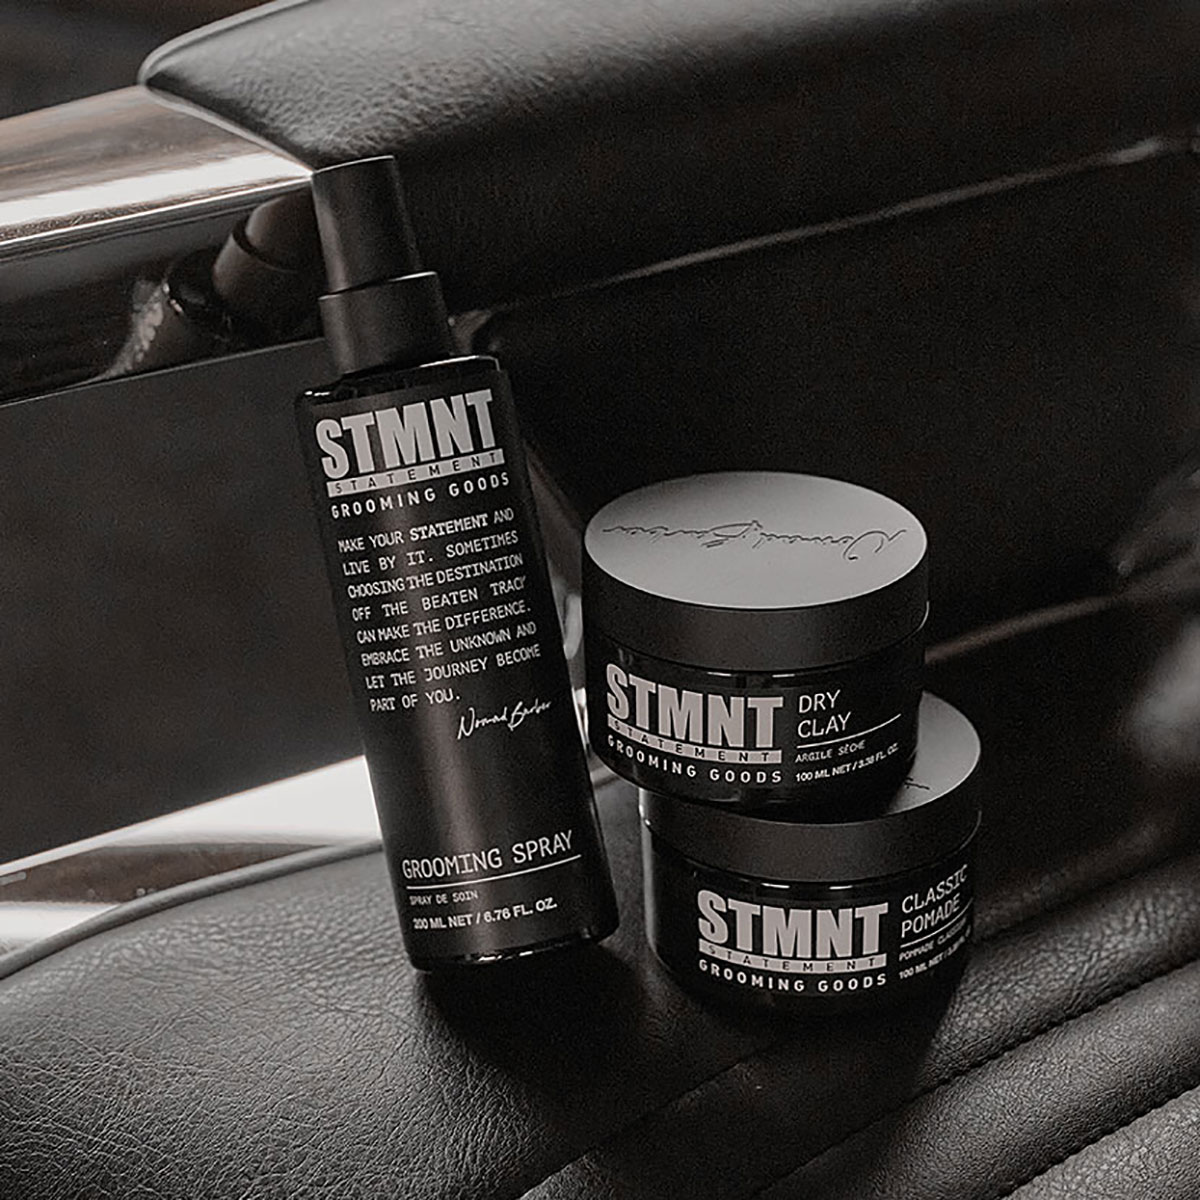 Nomad Barber Stmnt Grooming Products
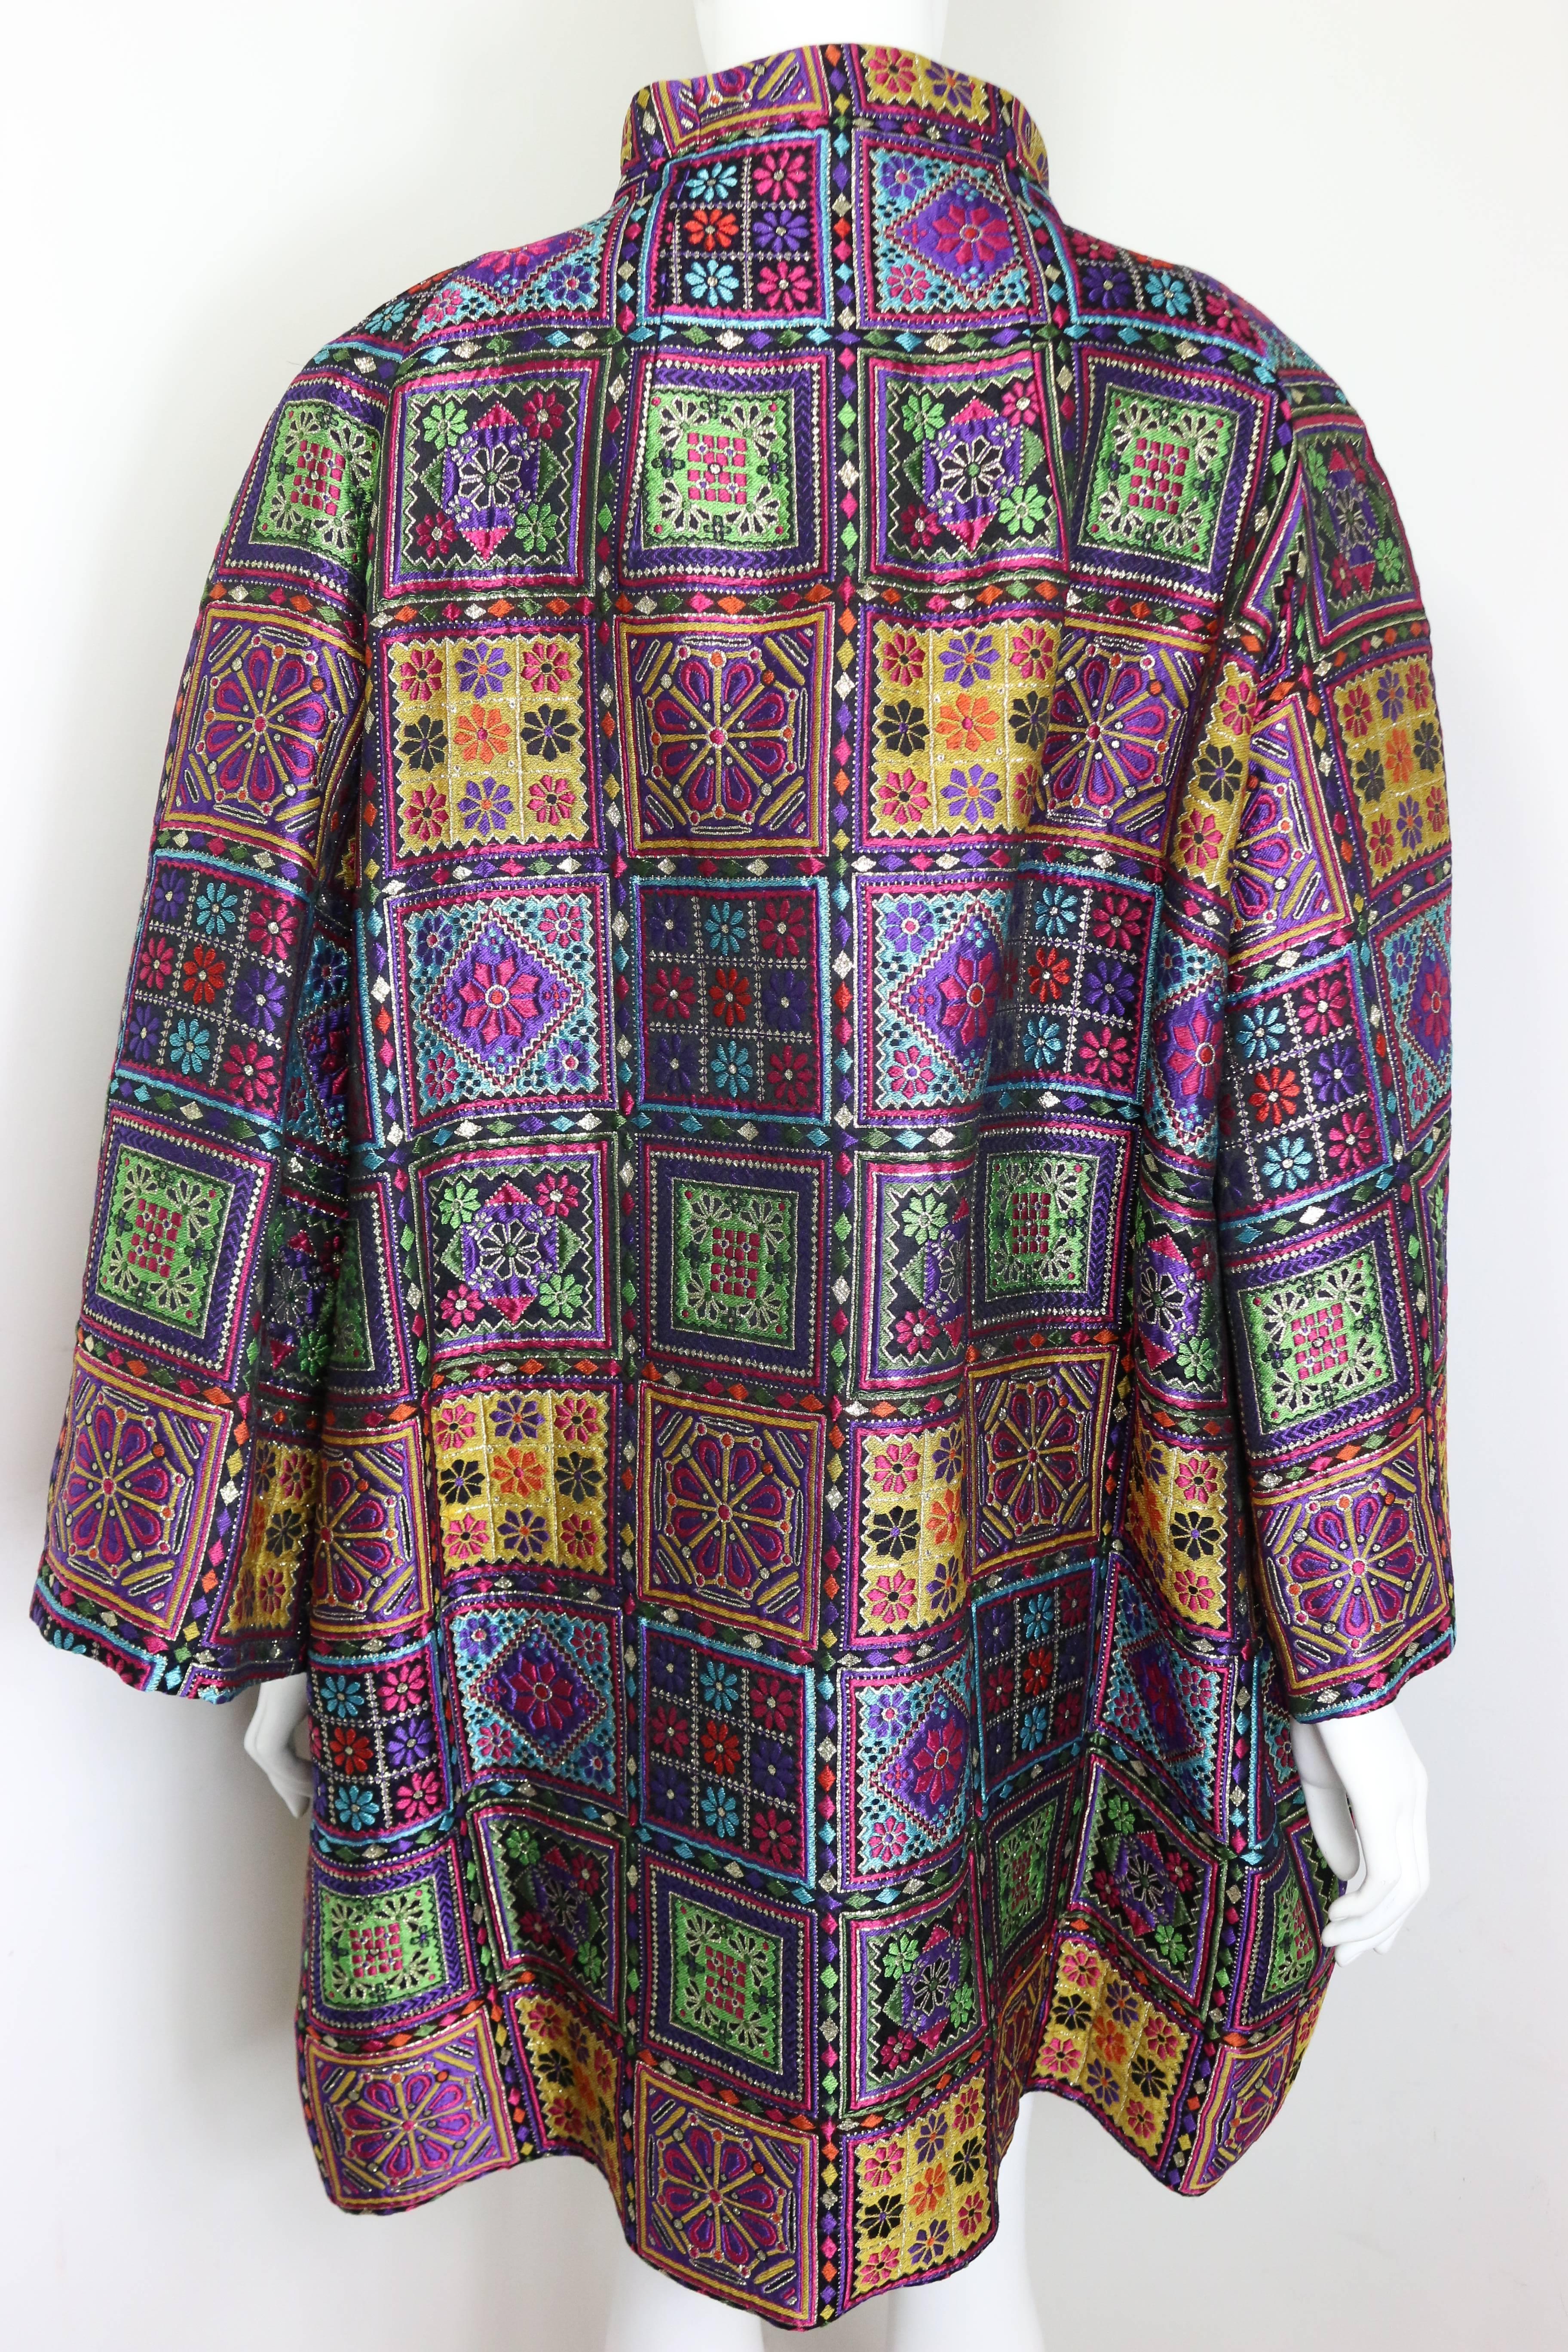 - Vintage Christian Lacroix embroidered multicolour floral prints clutch coat from Fall 1991 collection. 

- Featuring stand collar, long sleeves, two side pockets and black quilted lining. 

- 31% Polyester, 30% Acrylic, 25% Silk and 14%

THE PROBLEM: Find the line with "- Featuring stand" in the listing above, then write out that line and each remaining line exactly, with no other text.

ANSWER SPACE:
- Featuring stand collar, long sleeves, two side pockets and black quilted lining. 

- 31% Polyester, 30% Acrylic, 25% Silk and 14%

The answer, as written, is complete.